Vulnerabilidad. Me atrevería a decir que aquí está el lugar esencial que nos enseña la obra de Molina. Fragilidad, como ella misma resaltaba en el discurso de recepción del premio. Vulnerabilidad y fragilidad del cuerpo que desaparece. En cierto sentido, todo arte nos habla de una vulnerabilidad. Las imágenes nos fascinan porque perviven frente al cuerpo vulnerable. Como generación o tiempo histórico, hemos conocido la vulnerabilidad del cuerpo y la certeza de que el cuidado es una herramienta esencial para poder imaginar lo futuro. Hemos conocido el miedo de la soledad, la enfermedad de un tiempo planetario que vislumbra su propia desaparición. Y, sin embargo, la creación tiene algo de fármaco, de curación de una razón herida. Hay un viaje en el que afloran atisbos de belleza, una forma de existencia que solo puede darse en el desierto, en la condición de la tierra agotada. Es la belleza algo aparentemente milagroso, y sin embargo no hay nada más inmanente, más profano, más apegado al cuerpo y a la tierra. Mientras Molina zapatea o se arrastra, el papel arcillado que cubre la tarima se desgarra, forma grietas, levanta polvo. La voz también se agrieta mientras la música adquiere una particular forma en el ruido. El escenario entero parece a punto de derrumbarse y queda poco más que una imagen fugaz de un cuerpo frágil.

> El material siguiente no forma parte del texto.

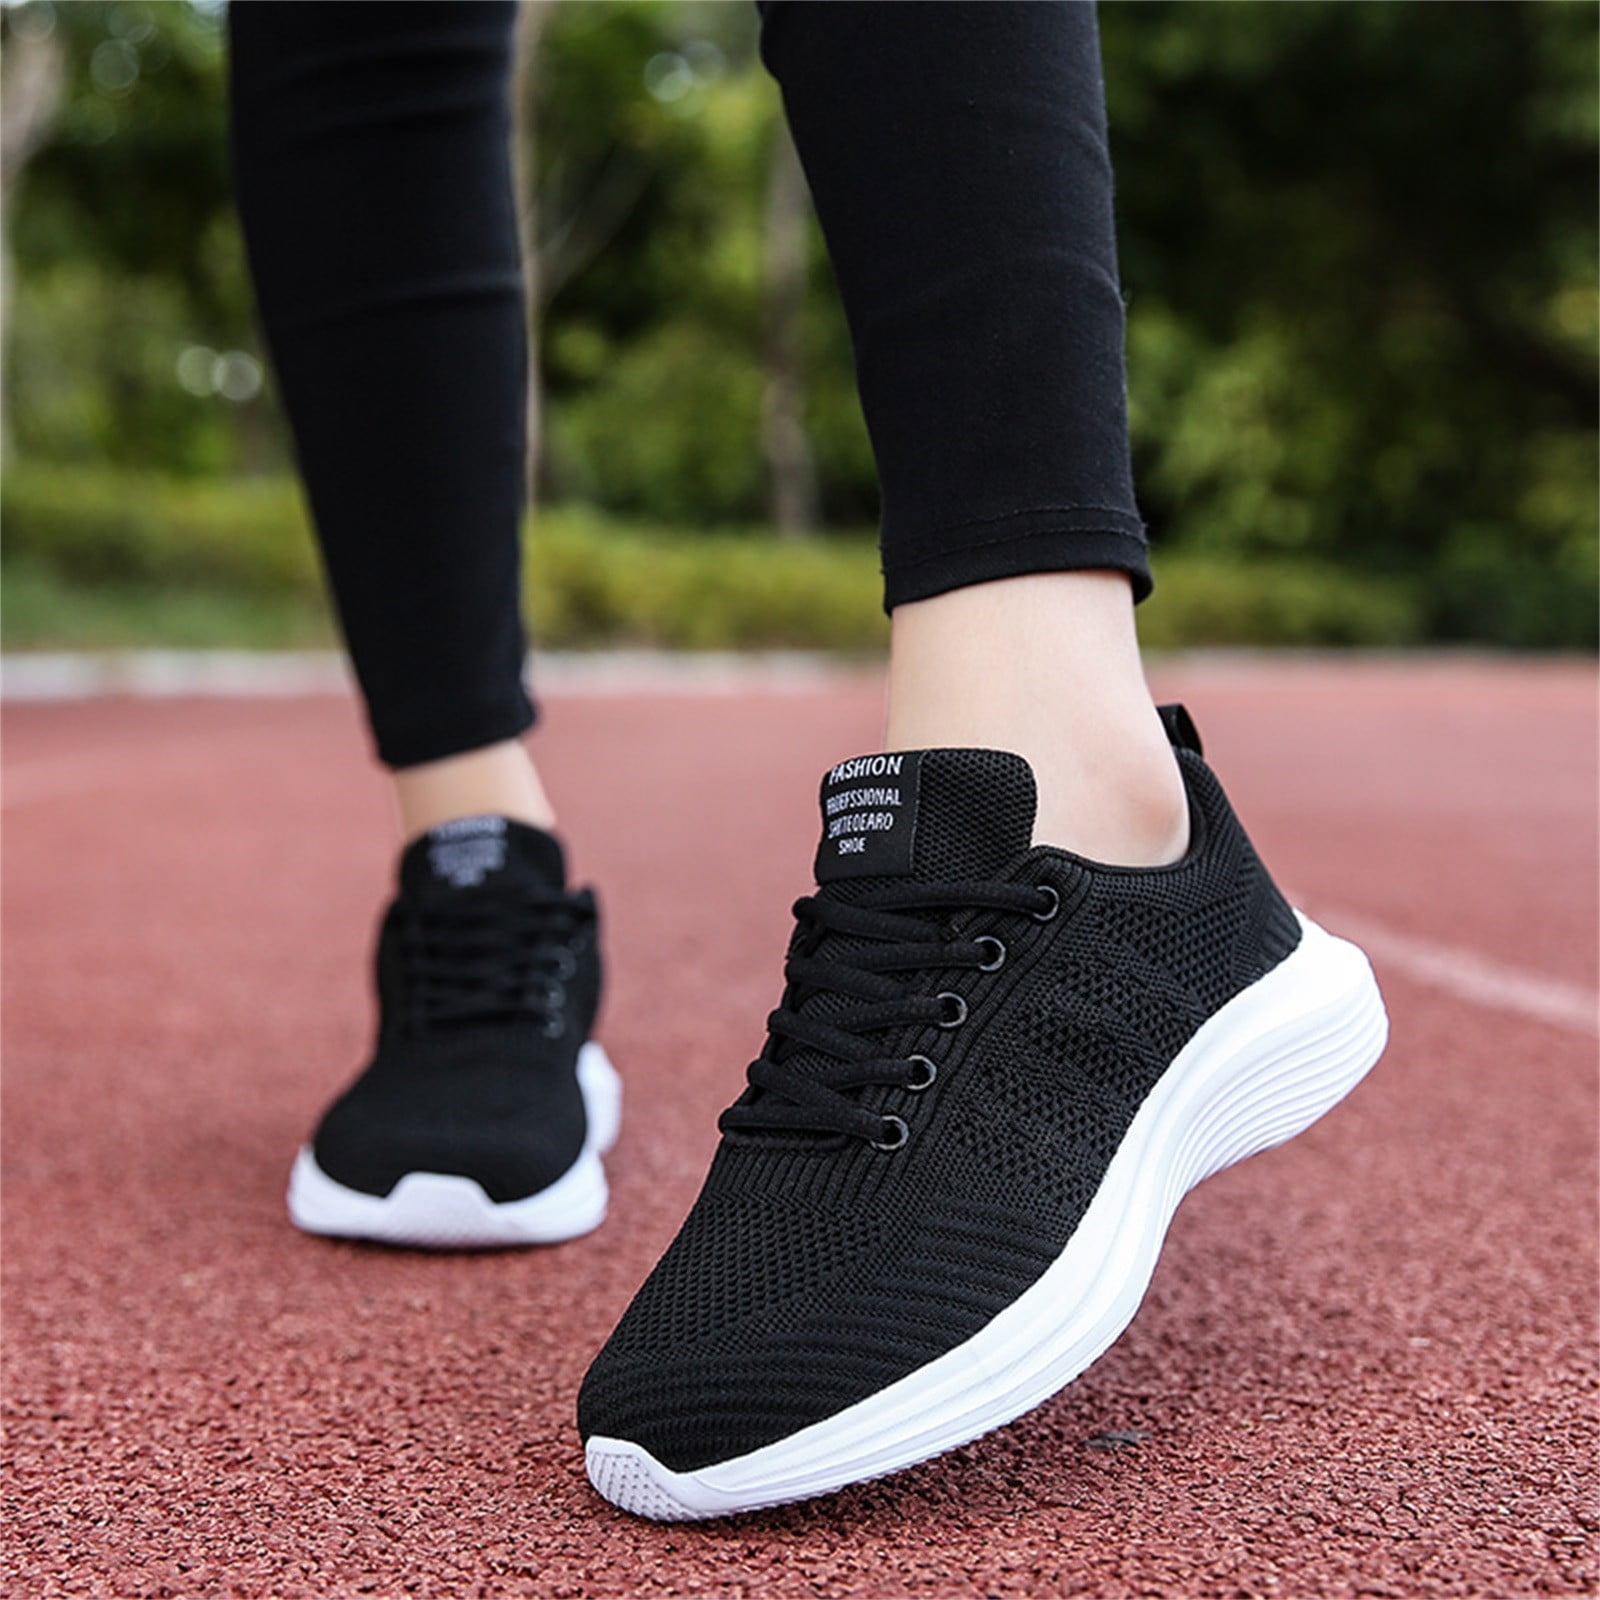 Quealent Womens Running Shoes Sneakers for Women Fashion Sneakers Tennis  Shoes Women Sneakers Tenis para Mujeres Womens Shoe Sneakers Women's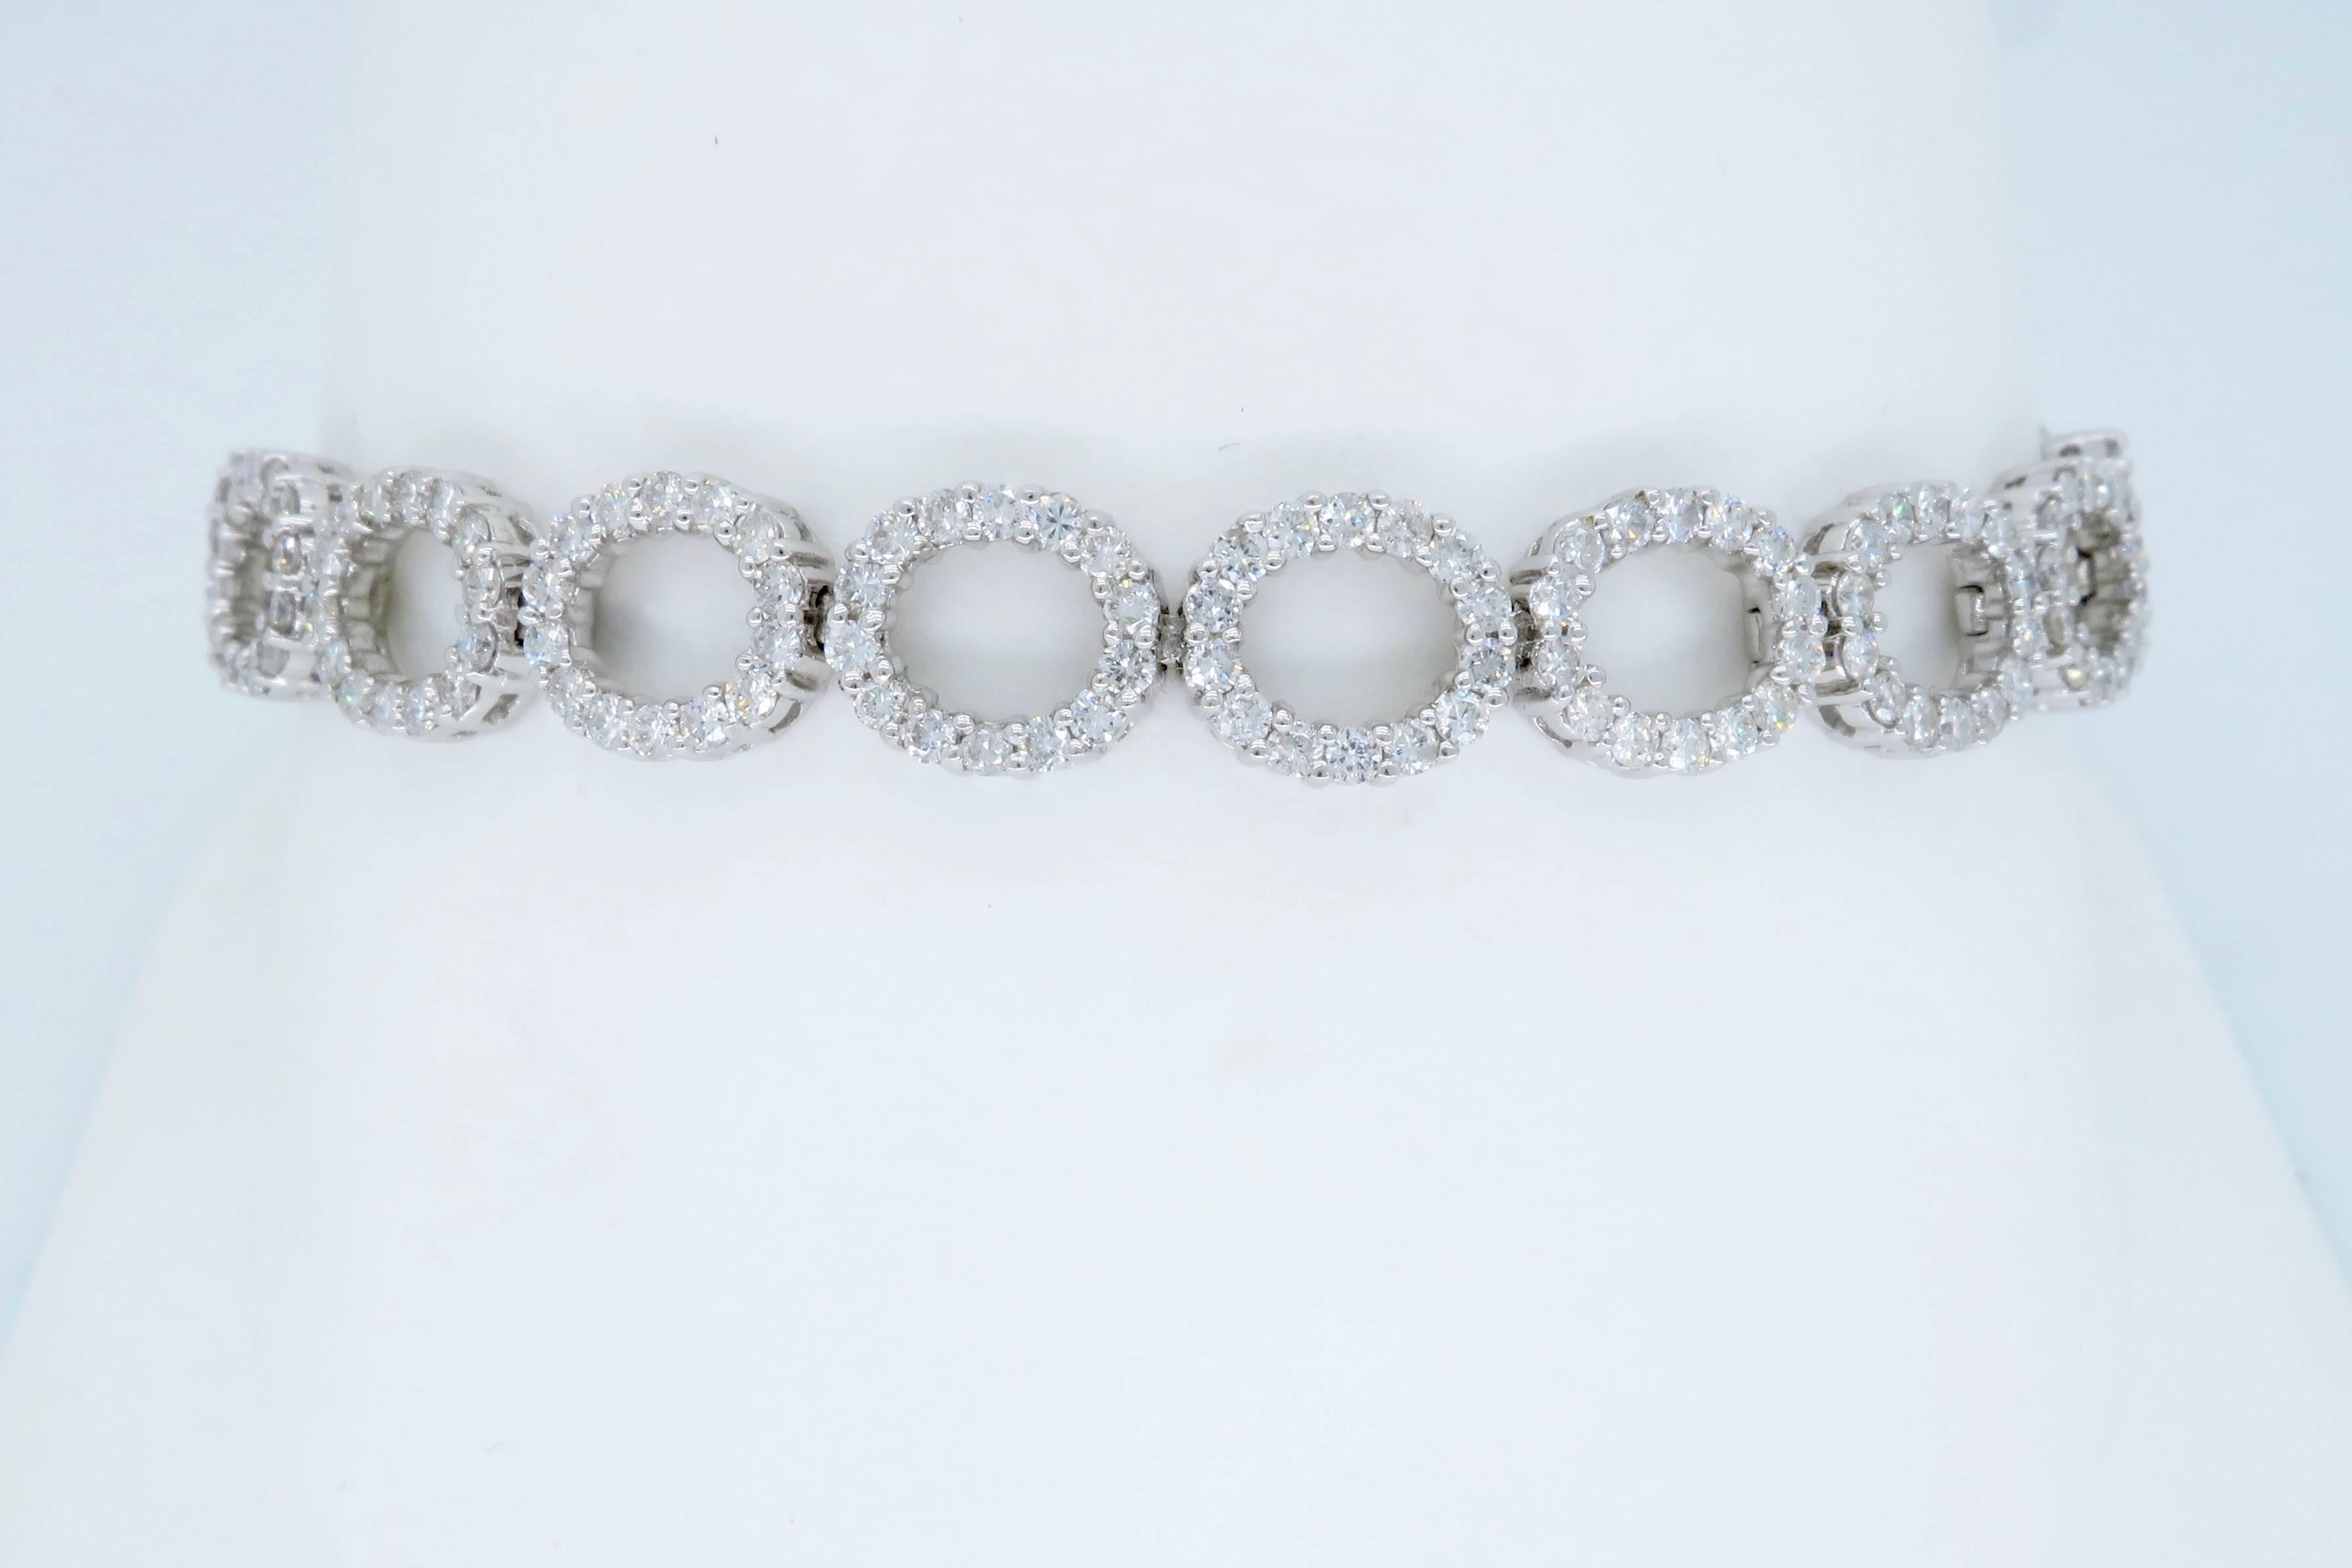 This stunning 18k White Gold bracelet features 270 Round Brilliant Cut Diamonds; the featured diamonds display an average color of G-I and average clarity of SI-I. There is approximately 4.07CTW of diamonds in this bracelet. The bracelet is 6.5” in

Entonces, sobre el flamenco, sobre el hecho artístico y sus eternas disquisiciones, queda poco que decir. Quien haya visto a Molina bailar con Rafael Riqueni en su Trilogía de la Guitarra ha visto, como vemos al final de su performance, derrumbarse todos y cada uno de los edificios que erigieron los grandes maestros y, entre sus ruinas, la mayor imagen de ternura que posiblemente haya dado el flamenco. Queda entonces ir al archivo de la memoria flamenca, pensar que en él germinan las preguntas sobre lo atemporal, lo profundo, lo jondo. Queda ponerse a uno mismo frente a esas preguntas. Y, para hacerlo, no puedo dejar de recordar la vieja letra, esa que, en tres versos sencillos, nos hace comprender la condición del deseo:

Yo tengo un pozo en mi casa

y agua no puedo beber

porque la soga no alcanza.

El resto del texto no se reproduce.